§ TASK PROMPT
Print every line below exactly as written, but leave the pictures behind.

§ INPUT DATA
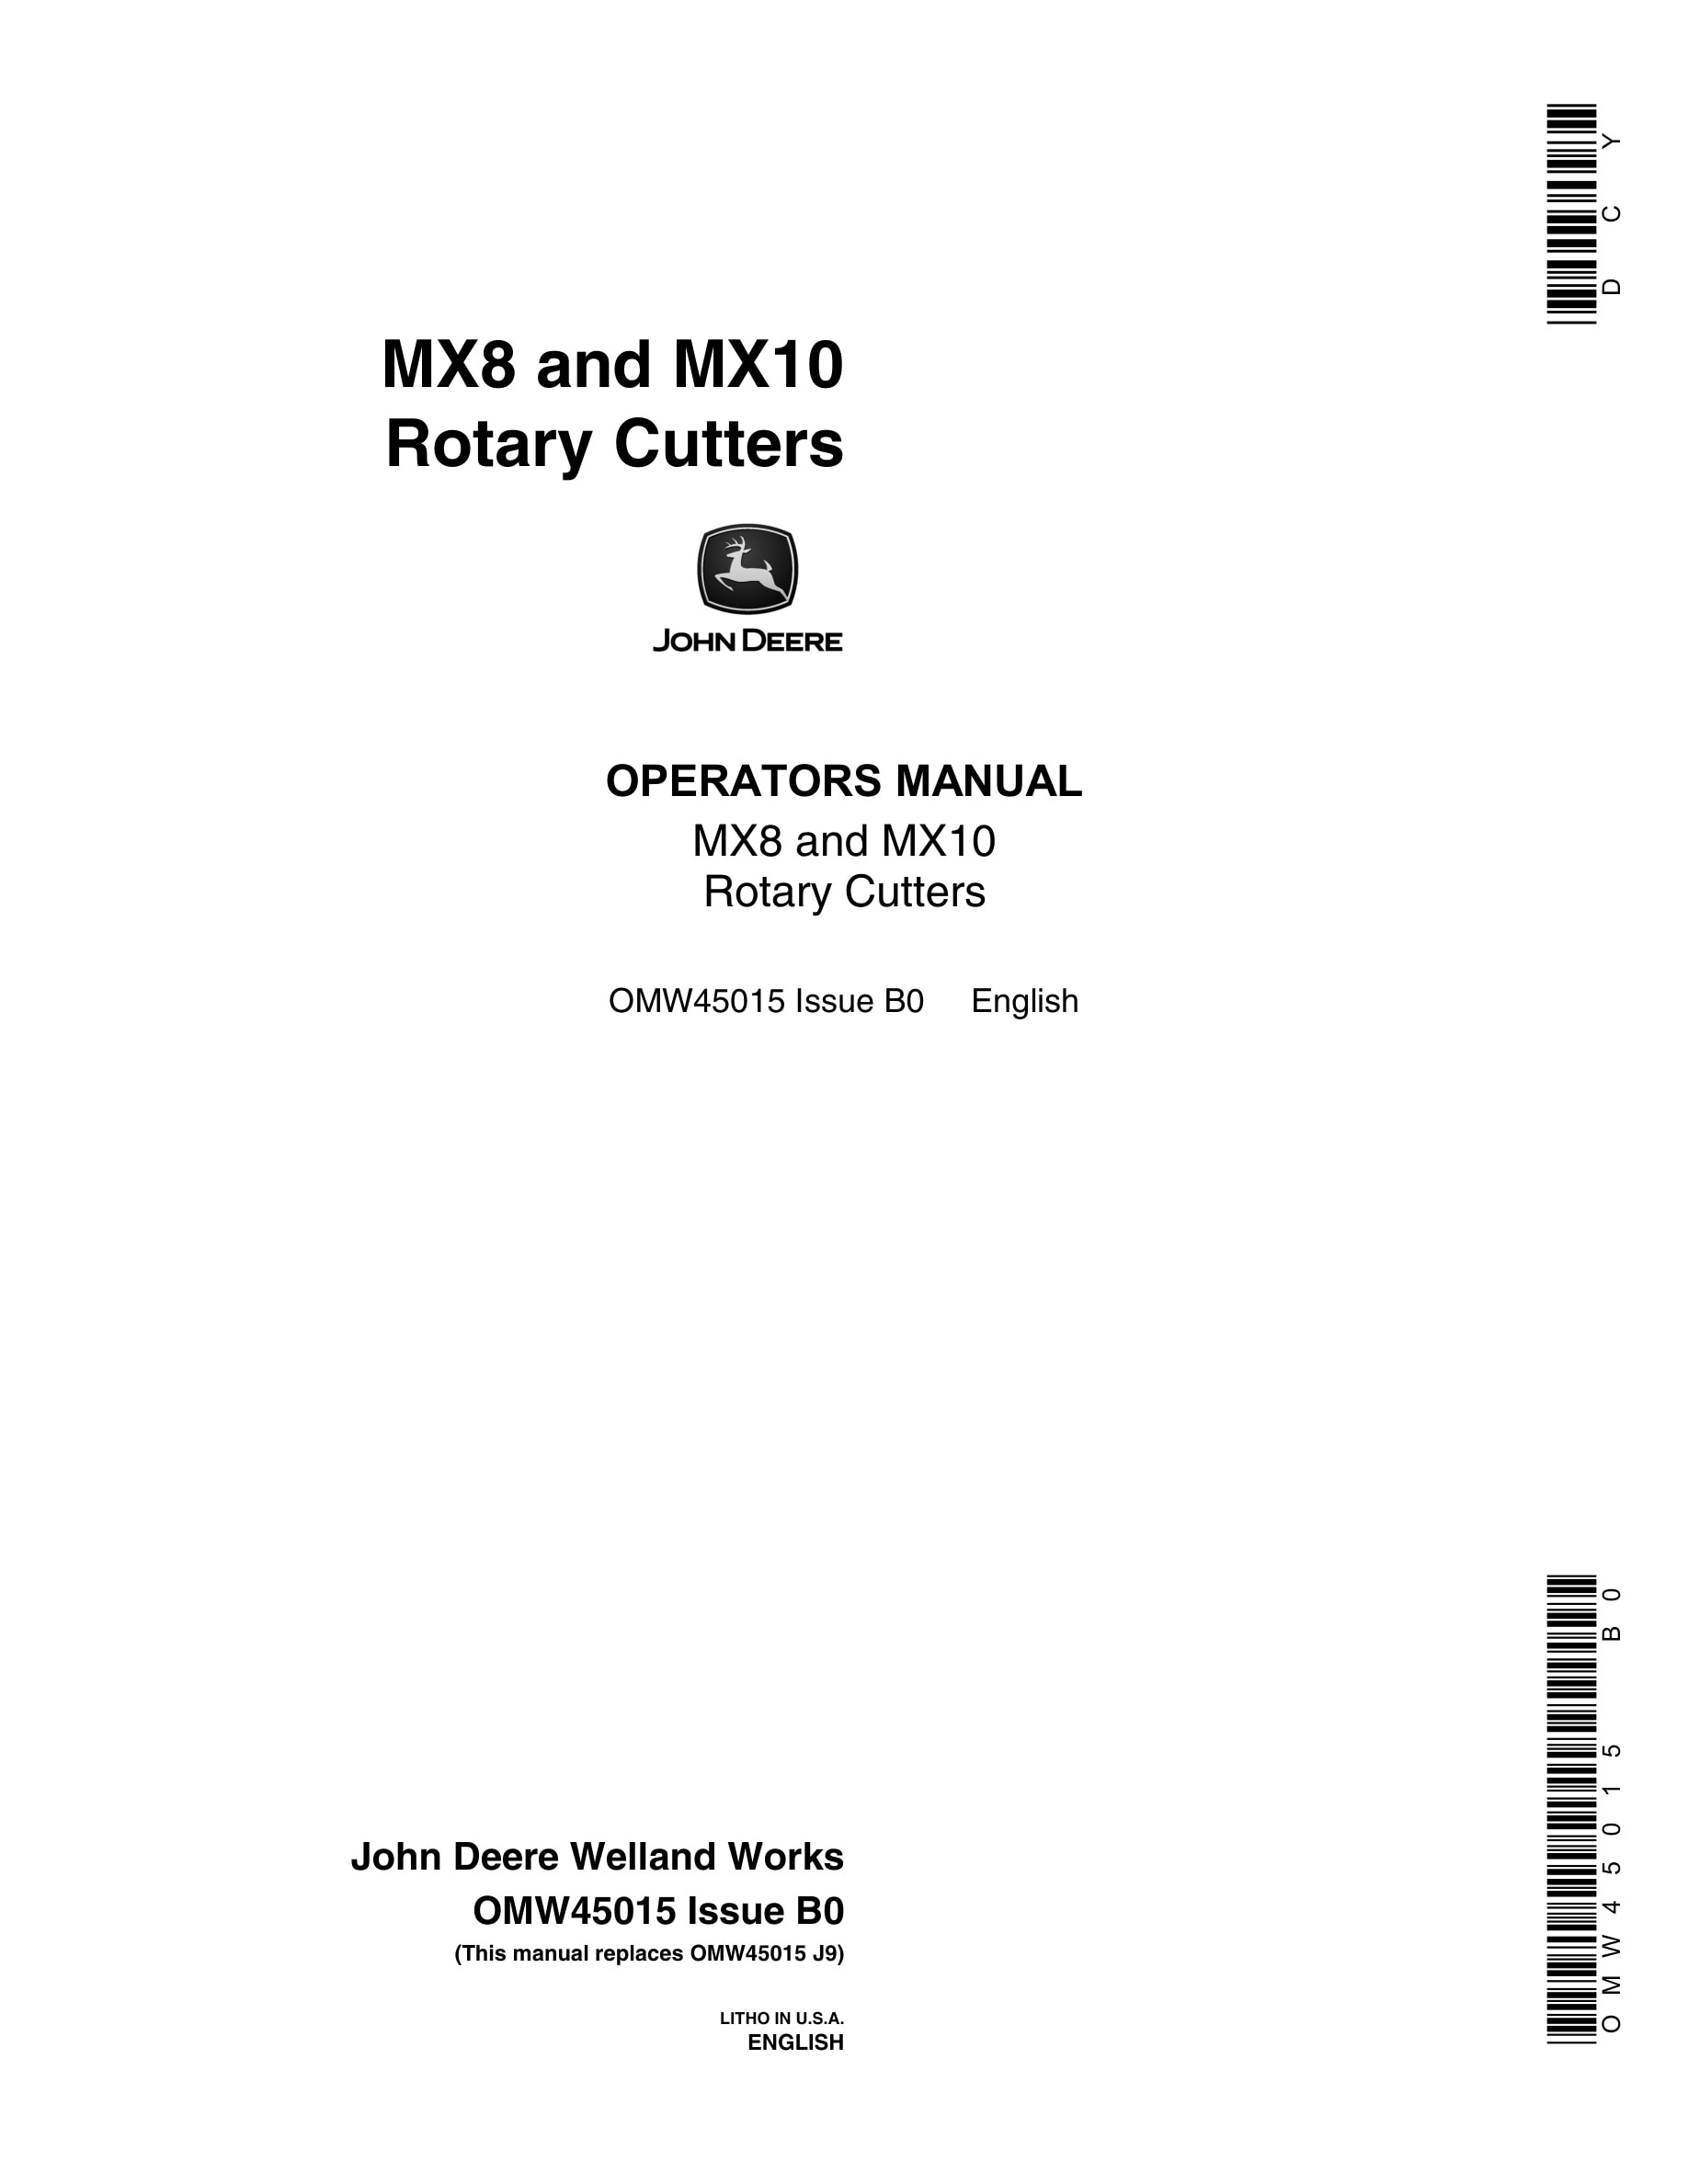 John Deere MX8 and MX10 Rotary Cutter Operator Manual OMW45015-1
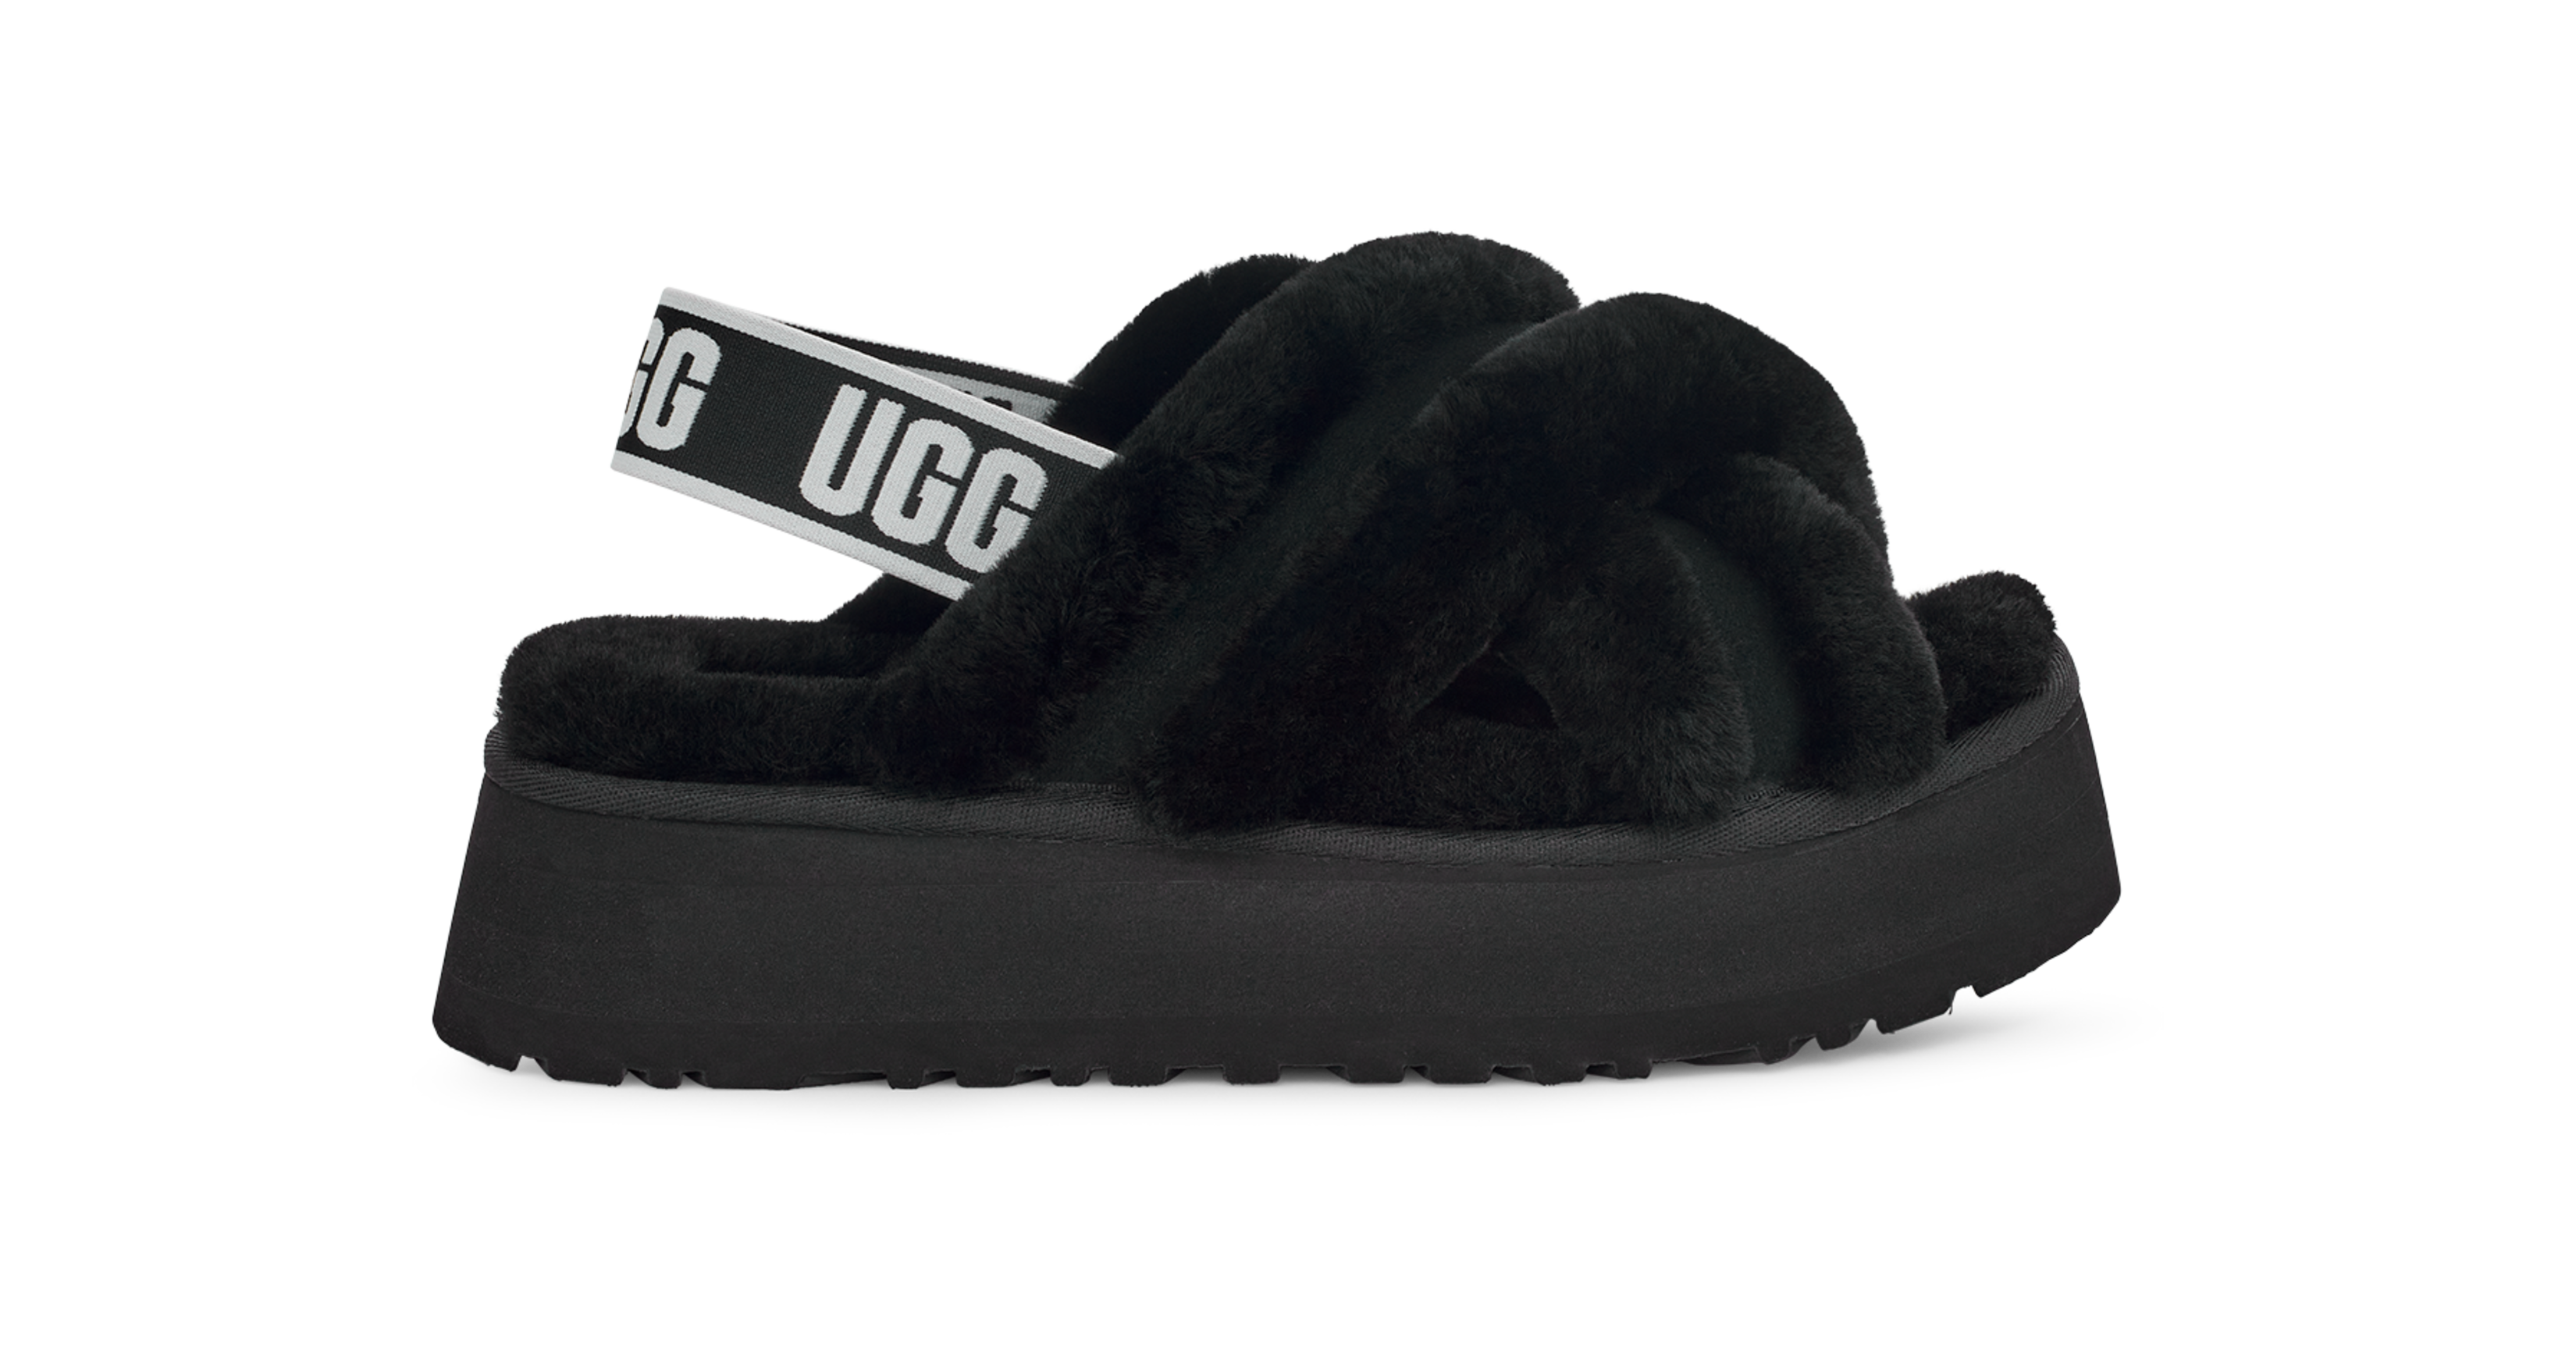 Postgrado | Women's UGG Tasman Chestnut Shoes Slippers Sandals 100%  Authentic *IN HAND*
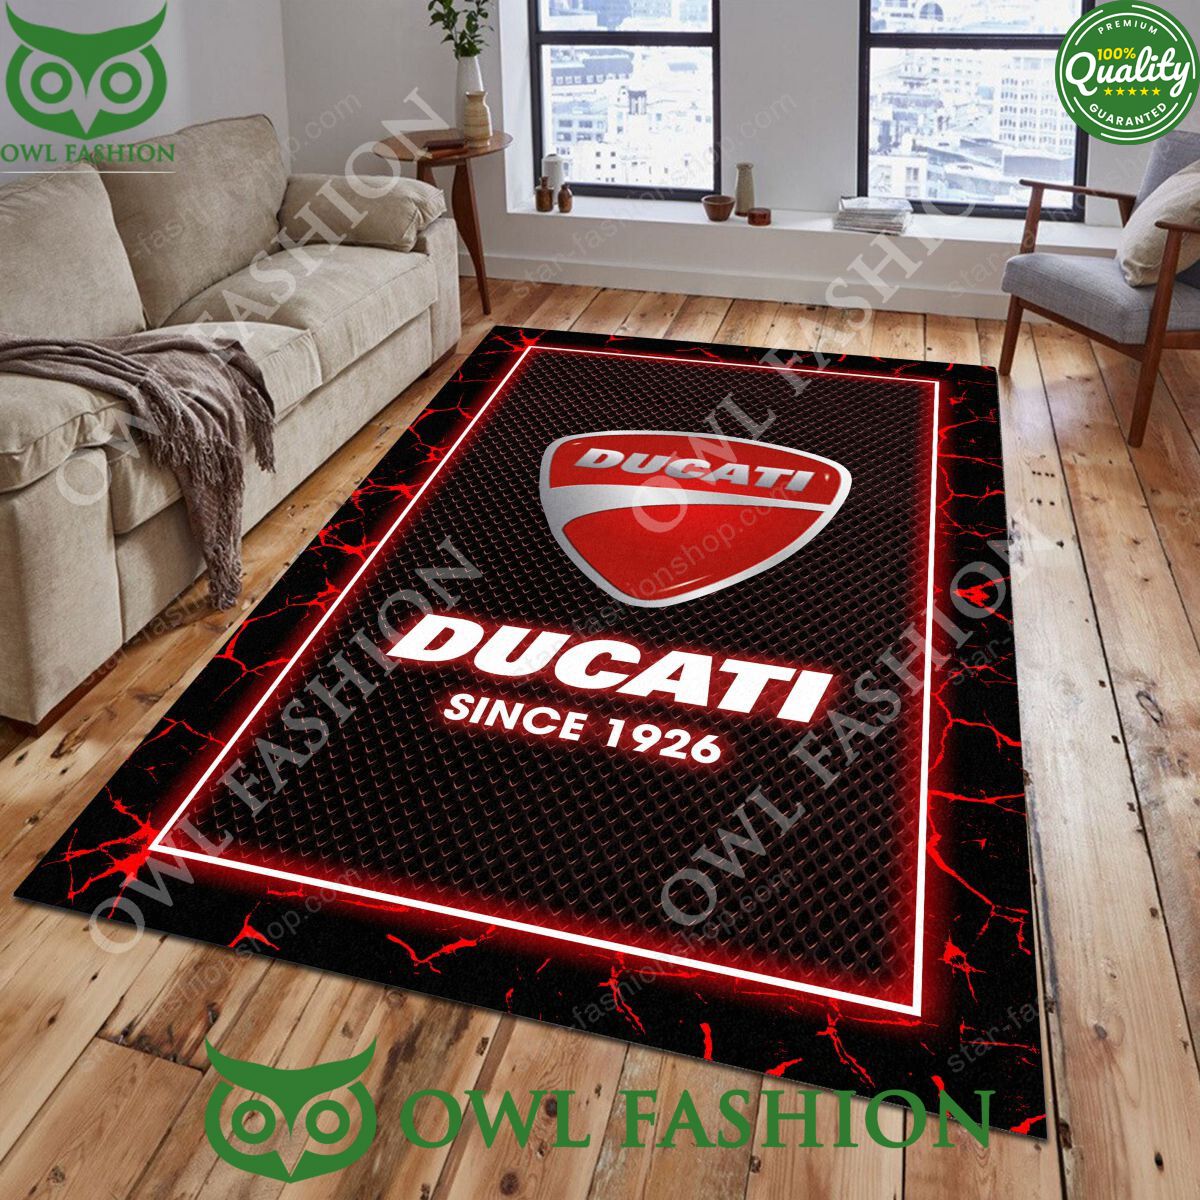 Motorcycle Brand Ducati Trending Design Carpet Rug Best click of yours

§ WORKED SOLUTION
 John Deere MX8 and MX10 Rotary Cutter Operator Manual OMW45015-1
 Postgrado | Women's UGG Tasman Chestnut Shoes Slippers Sandals 100%  Authentic *IN HAND*
 Motorcycle Brand Ducati Trending Design Carpet Rug Best click of yours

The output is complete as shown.